What makes our culture tick? What is happening in our present cultural moment? In the last part of our series on Why We Watch Films, author Dan Brendsel explains how we become aware of the reigning assumptions, values, habits of thoughts sensibilities, idols and stories in the current moment of our society’s collective consciousness.
When it is evening, you say, “It will be fair weather, for the sky is red.”
And in the morning, “There will be a storm today, for the sky is red and threatening.” Do you know how to discern the appearance of the sky, but cannot discern the signs of the times?
Matthew 16:3–4
Jesus expected Israel in his day to be able to read “the signs of the times,” the meaning of the “the times.” He held them accountable for having a finger on the pulse of their age, for being able to discern in some small but truthful ways what God was up to in their society and how he was being received or opposed or ignored or denied or unwittingly affirmed therein.
By extrapolation we can apply the general point to us today, which is just one reason (among several) for why I think cultural exegesis is a really important skill and habit to develop.
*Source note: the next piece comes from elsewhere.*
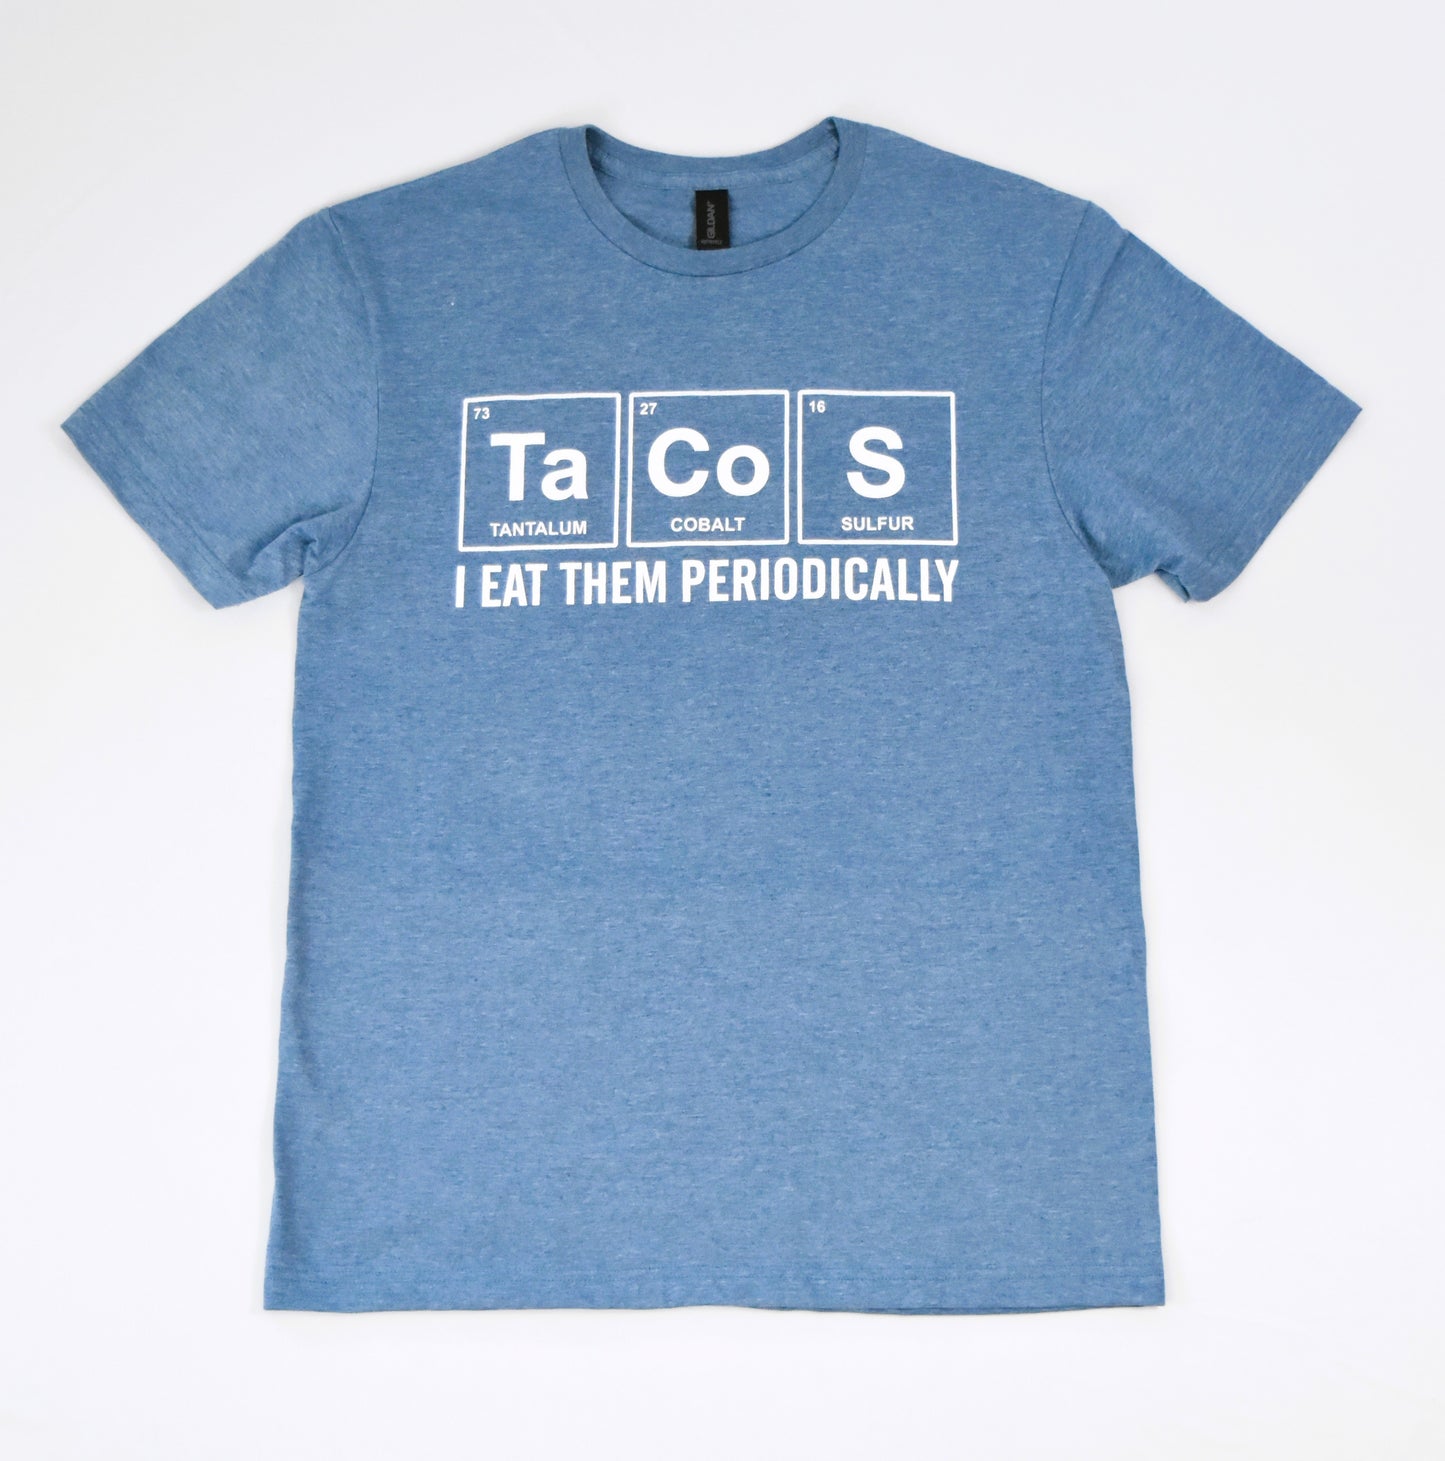 TaCoS Periodic Table T-Shirt

Films are significant cultural artifacts which give us a great opportunity to exegete or interpret or better understand the dominant culture. This is so for a number of reasons.
1. Ubiquitous
Movies and movie-related realities and effects (talk about movies, celebrities that they showcase, merchandise and advertising that is tied to them) are ubiquitous. Movie-related realities are in many respects the air we breathe and the language we speak. They are a chief element of our cultural atmosphere, and, if we seek to engage them in an understanding way, we may begin to better understand the culture in which we live.
2. Influencers
Movies are important for discerning the meaning of contemporary culture, second, because they are a chief influencer of the culture in which we live. Hollywood and the entertainment industry and the artists who labor in them are crucial, gate-keeping figures and institutions in contemporary culture.
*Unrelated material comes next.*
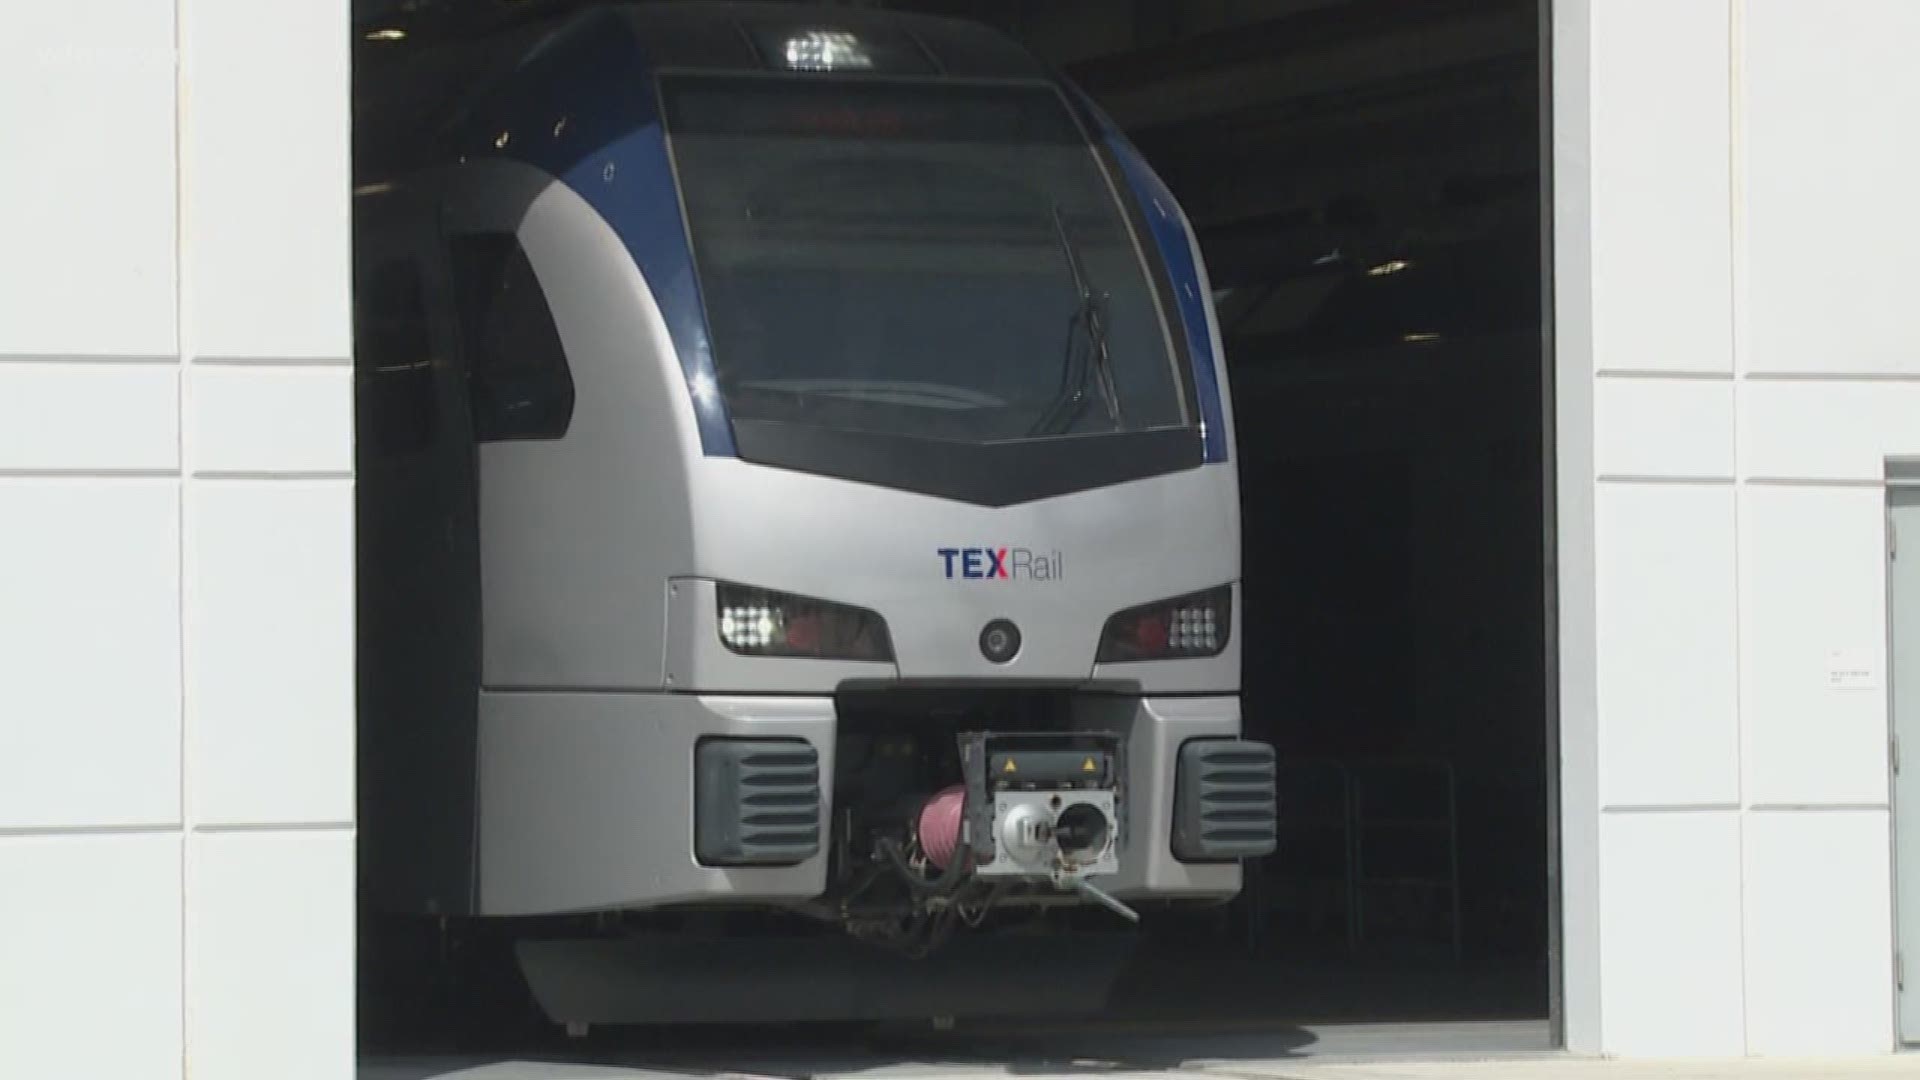 The train will connect downtown Fort Worth to DFW Airport.

The cinematic works and images and messages produced by them are a major guide and shaper of our culture’s imagination and sensibilities and values and worship. (The cultural influence of movies is, I think, less than it was even ten or fifteen years ago, and certainly much less than thirty years ago, in part because of the proliferation of on-demand entertainment and the growth of higher quality television productions. But the influence of movies is still great and overlaps increasingly with the influence of television, as well as with several other spheres of popular culture [e.g., music, sports].)
3. Reflection
Third, movies can help us understand our present cultural moment inasmuch as they reflect what our culture values, the sensibilities that reign in our day and place, and perhaps most importantly, the stories which we delight in and imagine ourselves to be a part of.
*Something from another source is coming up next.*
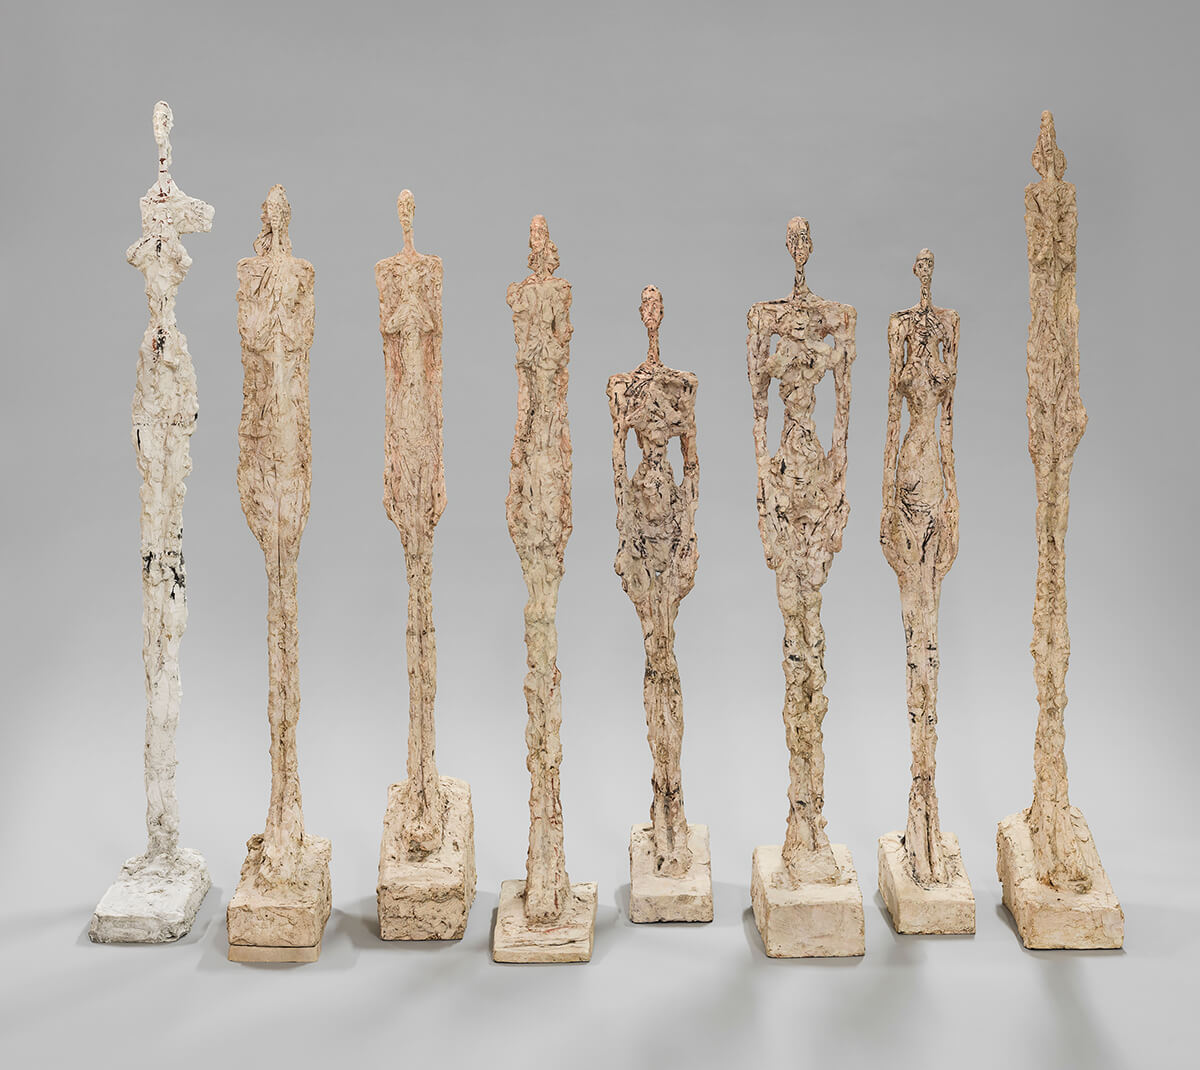 Swiss sculptor Giacometti's famous collective of female sculptures entitled Women of Venice

Movies are a mirror reflecting what we as a society care about, what makes sense to us, what we are interested in, what we trust in and yearn for, our reigning narratives.
Movies about Hollywood are popular and appealing to us (e.g., La La Land; Hugo) because Hollywood and the celebrity life are what our culture collectively values. Celebrity life makes sense to us. Aspiration to celebrity life (or aspiring to reflect celebrity life) is what makes our culture tick. Differently, the prevalence of films about the exploits of journalists (e.g., All the President’s Men; Good Night, and Good Luck; Spotlight) manifests, among other things, a widespread suspicion of those in authority (which heroic journalists expose), and a shared conviction that being “well-in-formed” is the greatest of virtues and powers.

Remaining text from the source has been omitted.